> DIRECTIONS: Restate word for word the entries below, starting at the line with "Then & Now: The Western Front Book" and ending at the line with "Waiting Room 2". Keep both end lines and omit the pictures.

> STORED DATA:
# # # # #
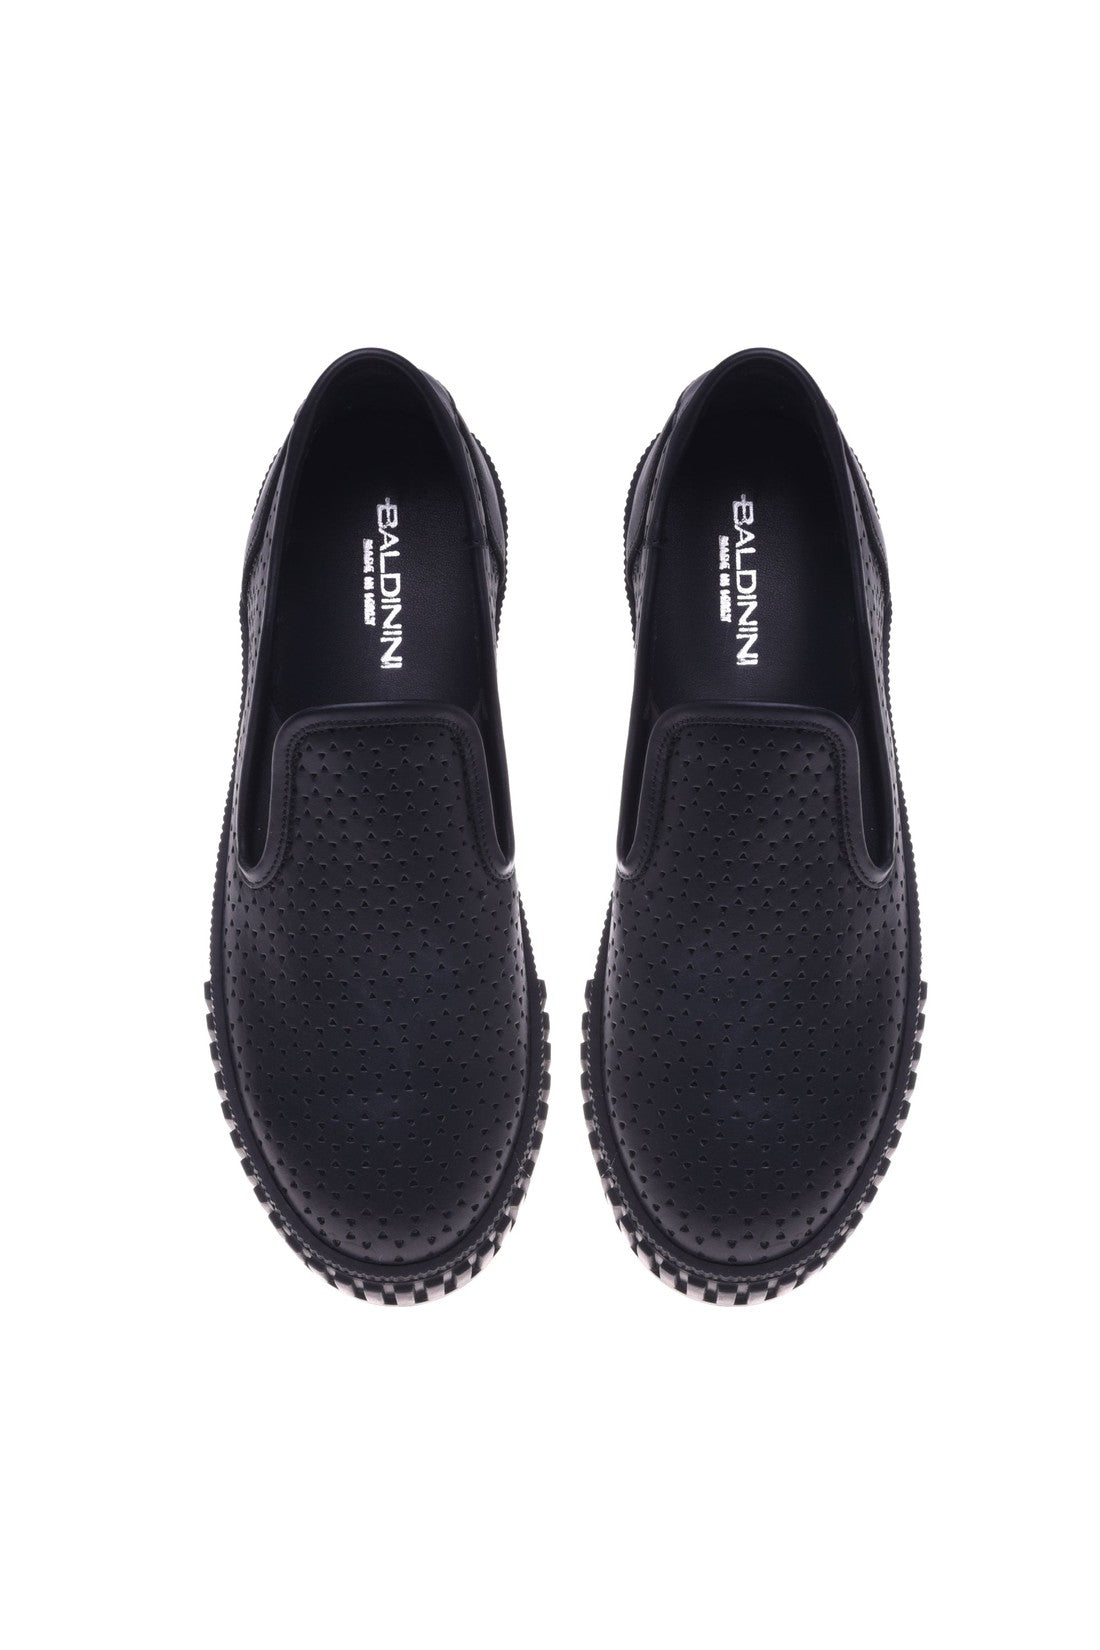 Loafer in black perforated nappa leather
# # # # #
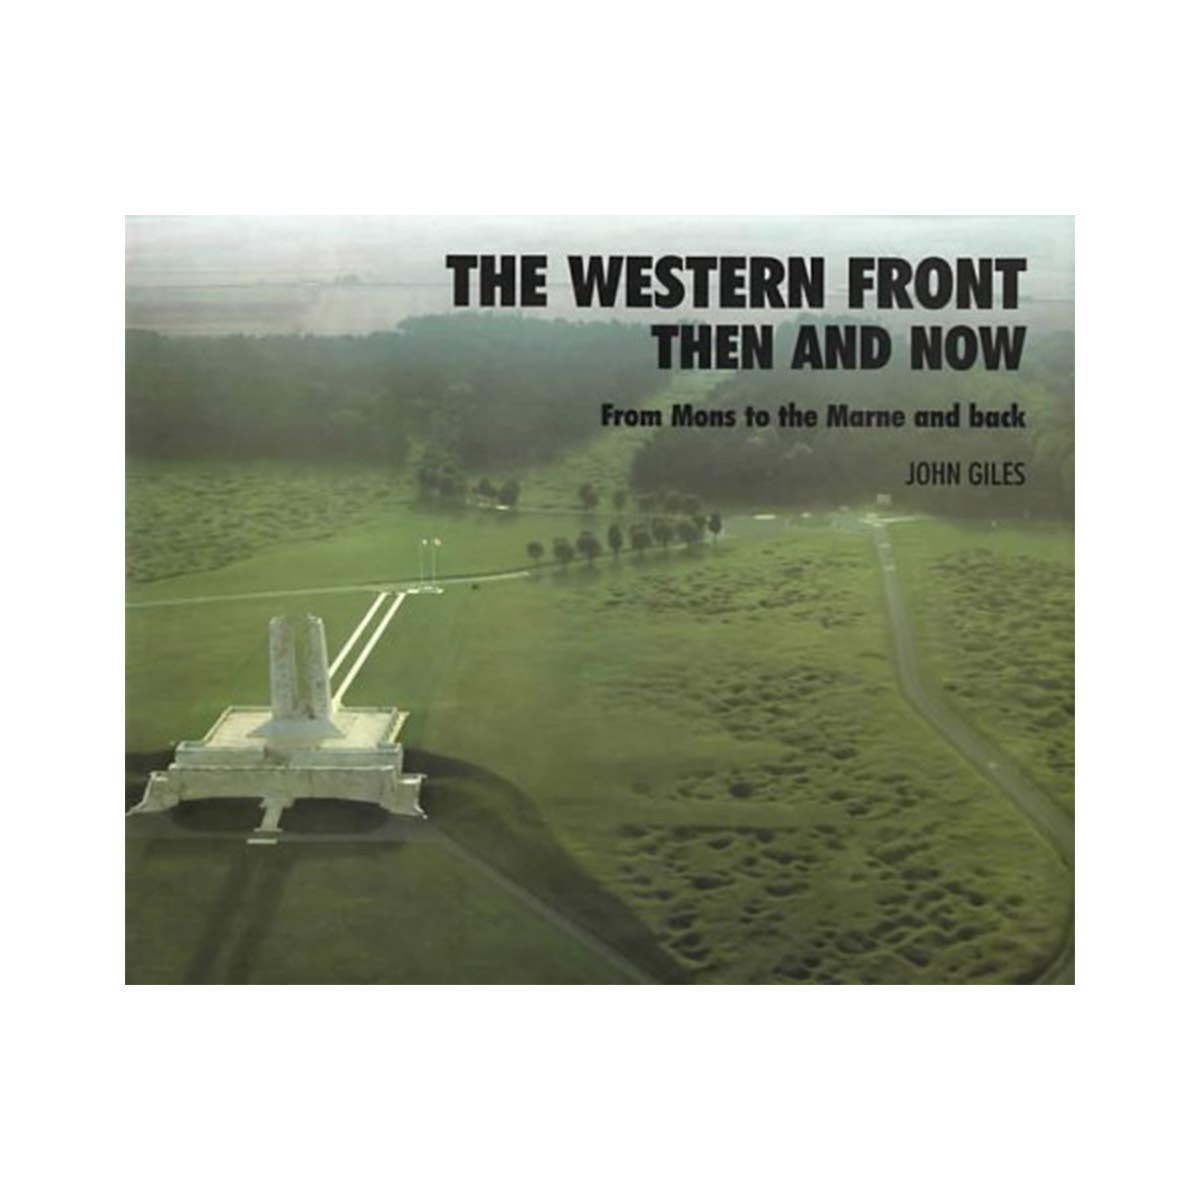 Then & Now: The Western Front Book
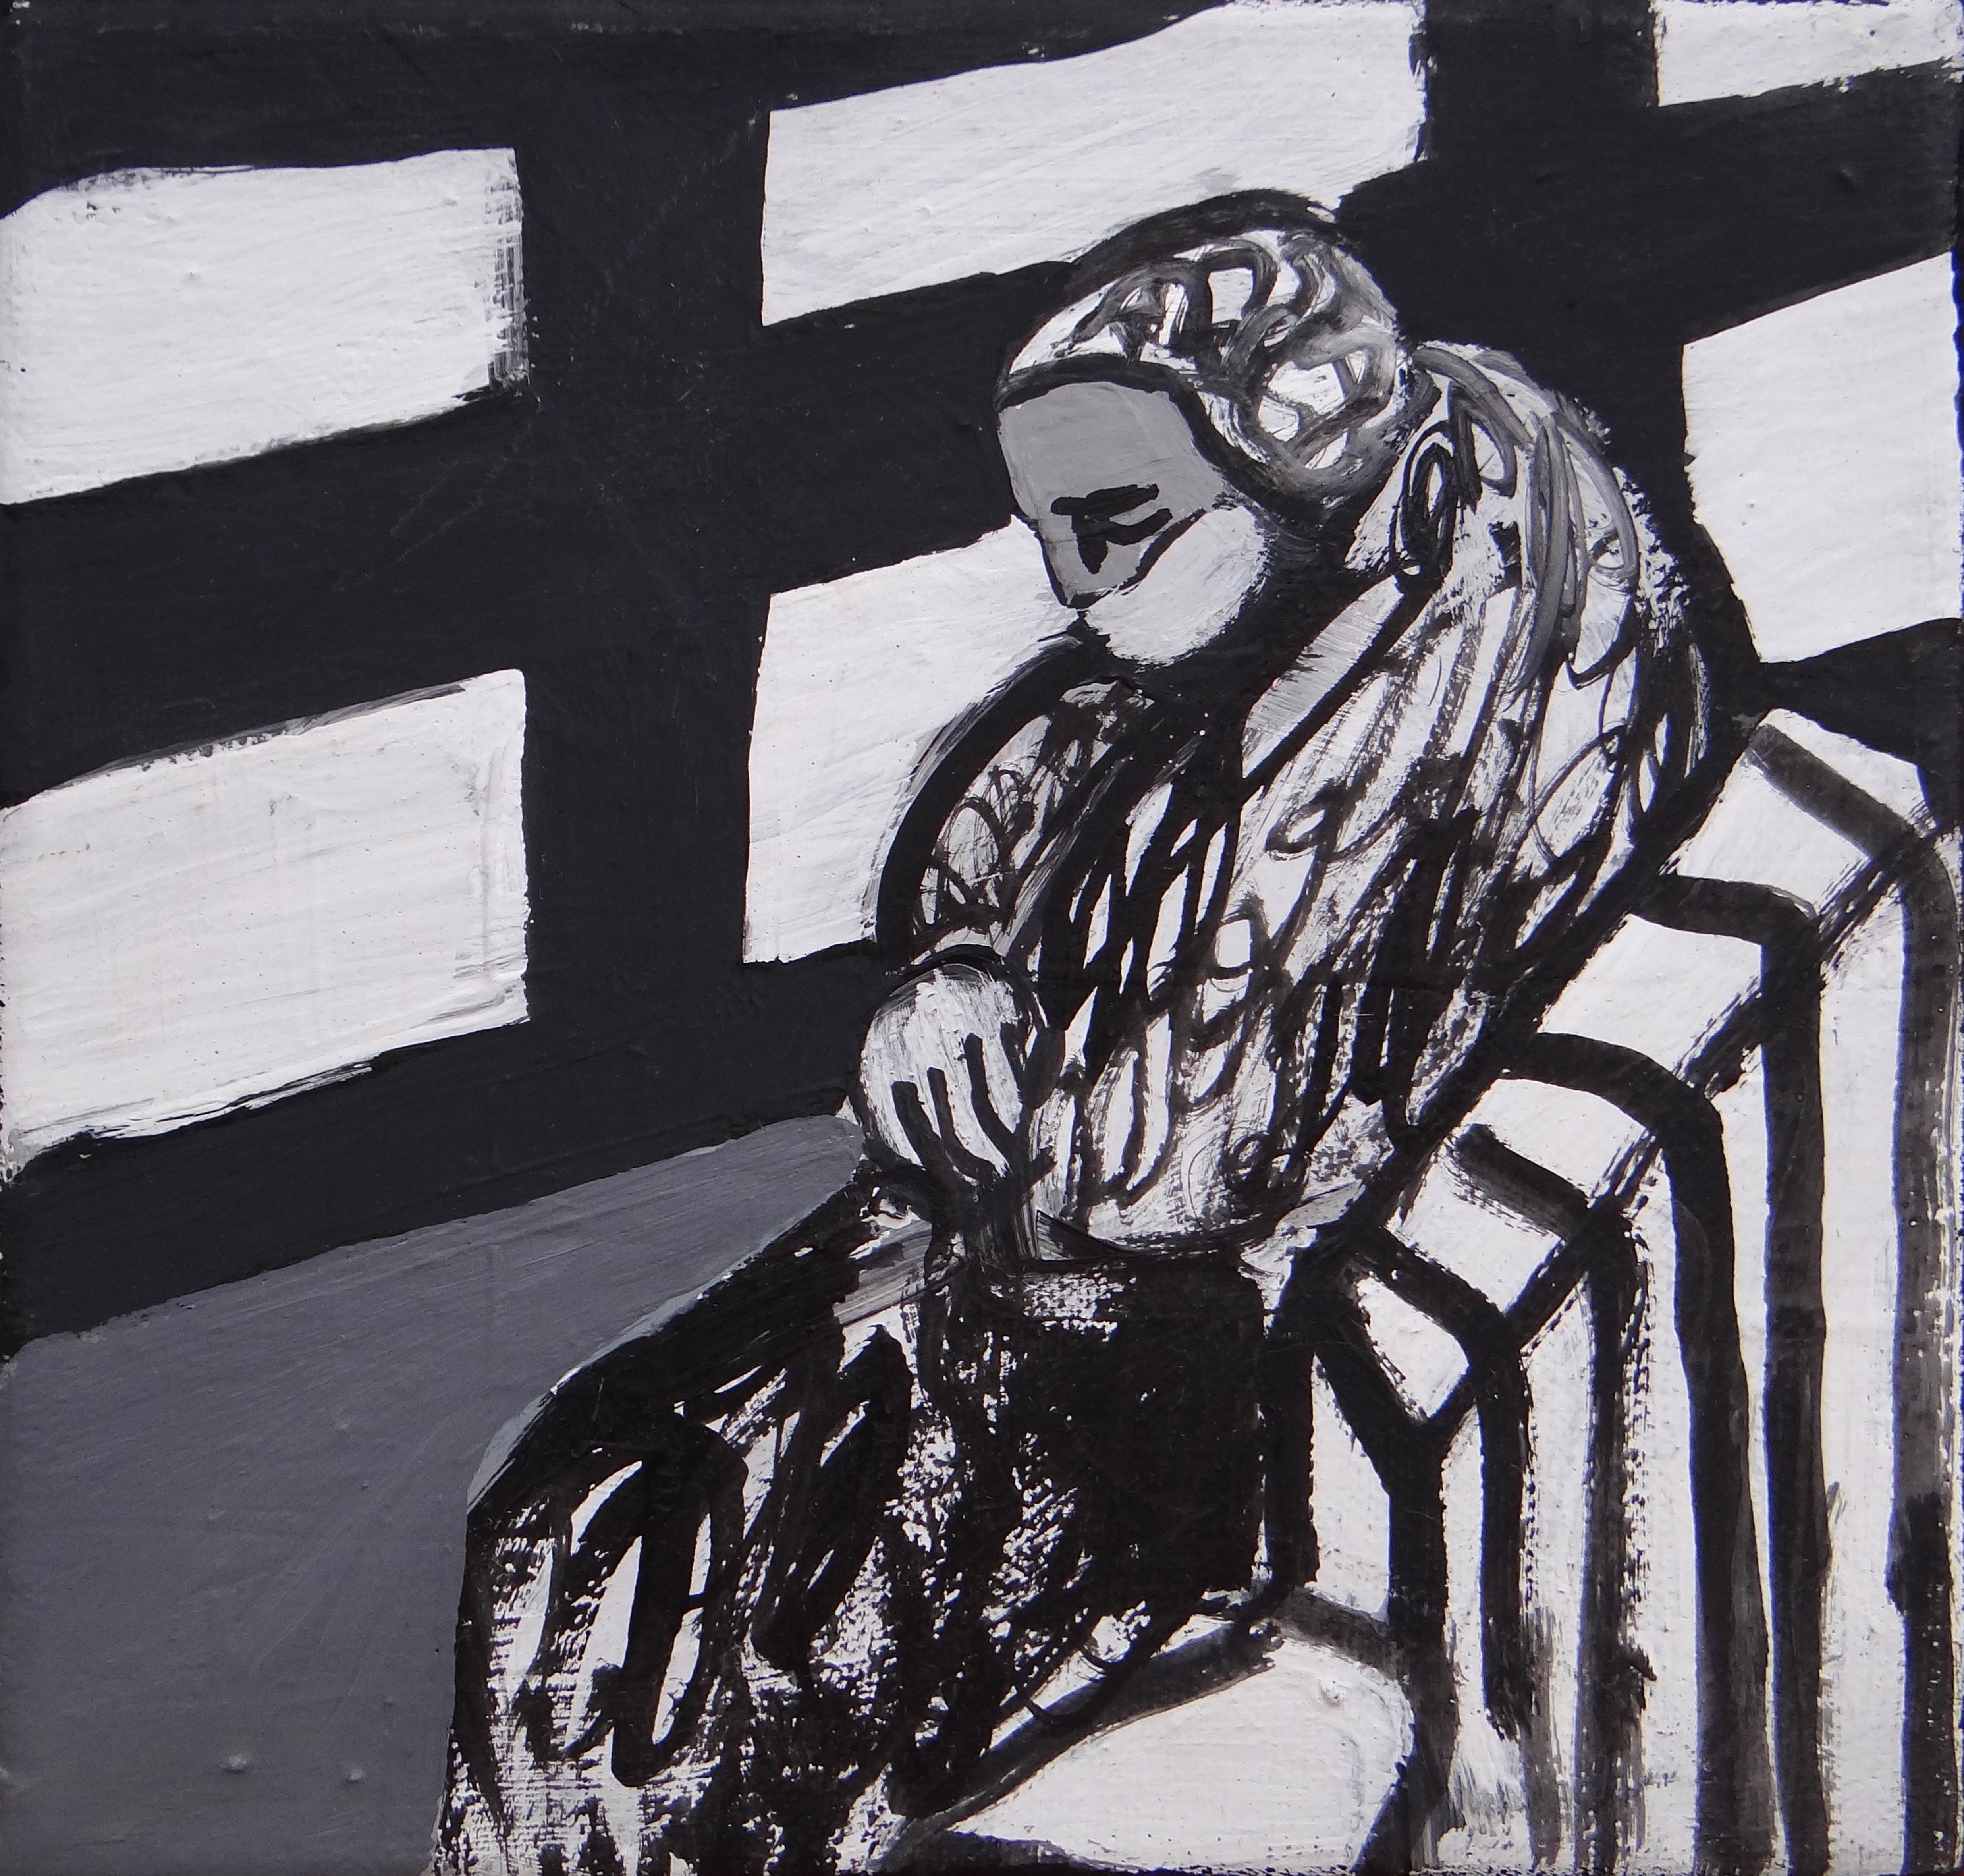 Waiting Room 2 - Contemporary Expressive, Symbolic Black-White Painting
# # # # #
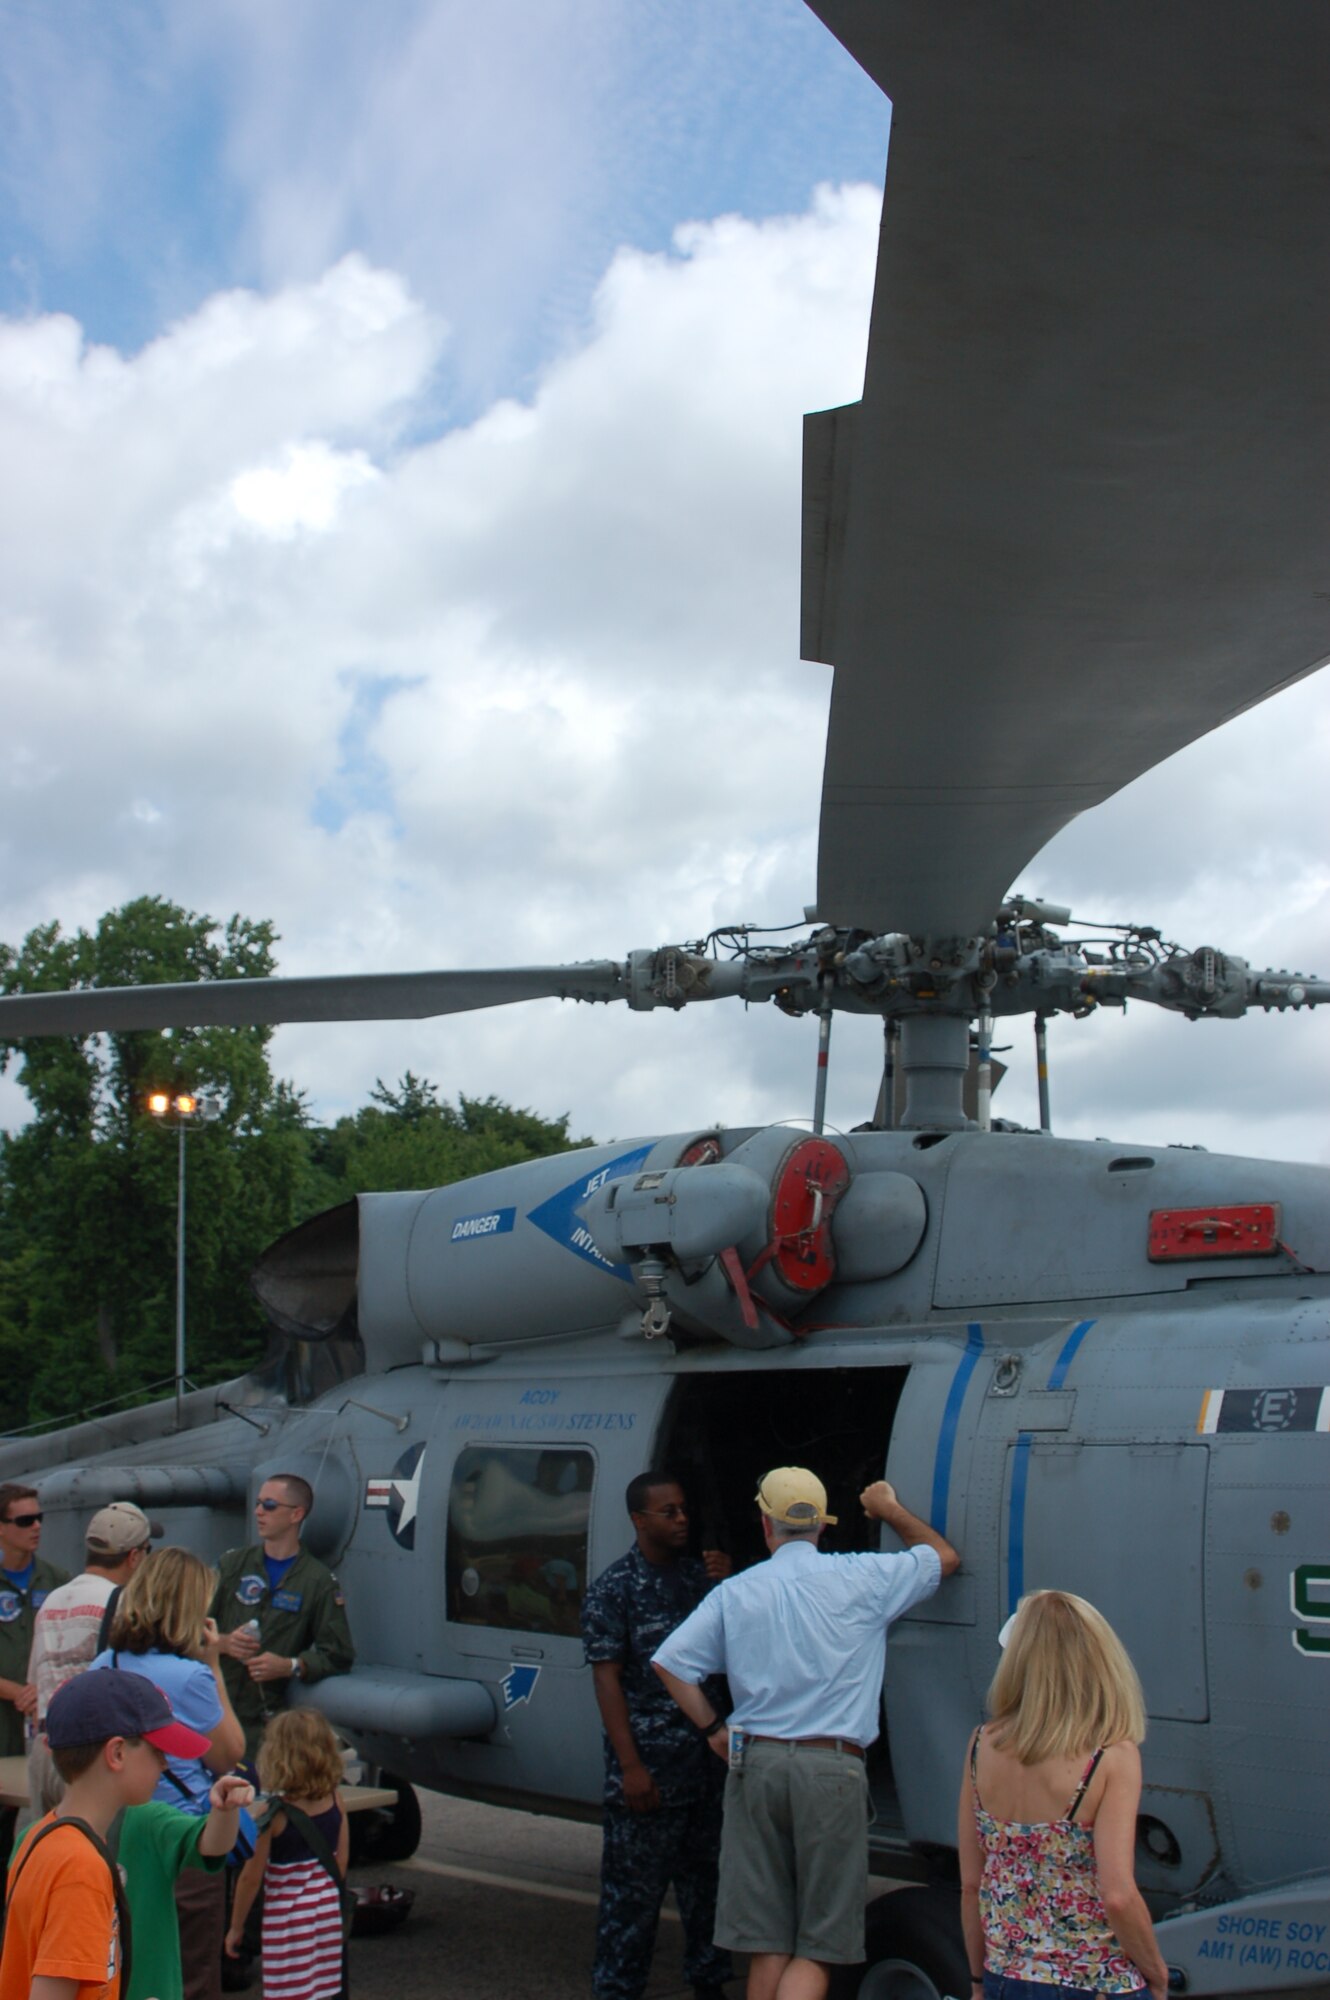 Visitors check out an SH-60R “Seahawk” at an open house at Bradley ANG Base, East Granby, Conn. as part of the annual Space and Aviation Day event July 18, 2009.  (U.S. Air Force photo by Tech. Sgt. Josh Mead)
# # # # #
> ANSWER TO THIS PROBLEM:
 Then & Now: The Western Front Book
 Waiting Room 2 - Contemporary Expressive, Symbolic Black-White Painting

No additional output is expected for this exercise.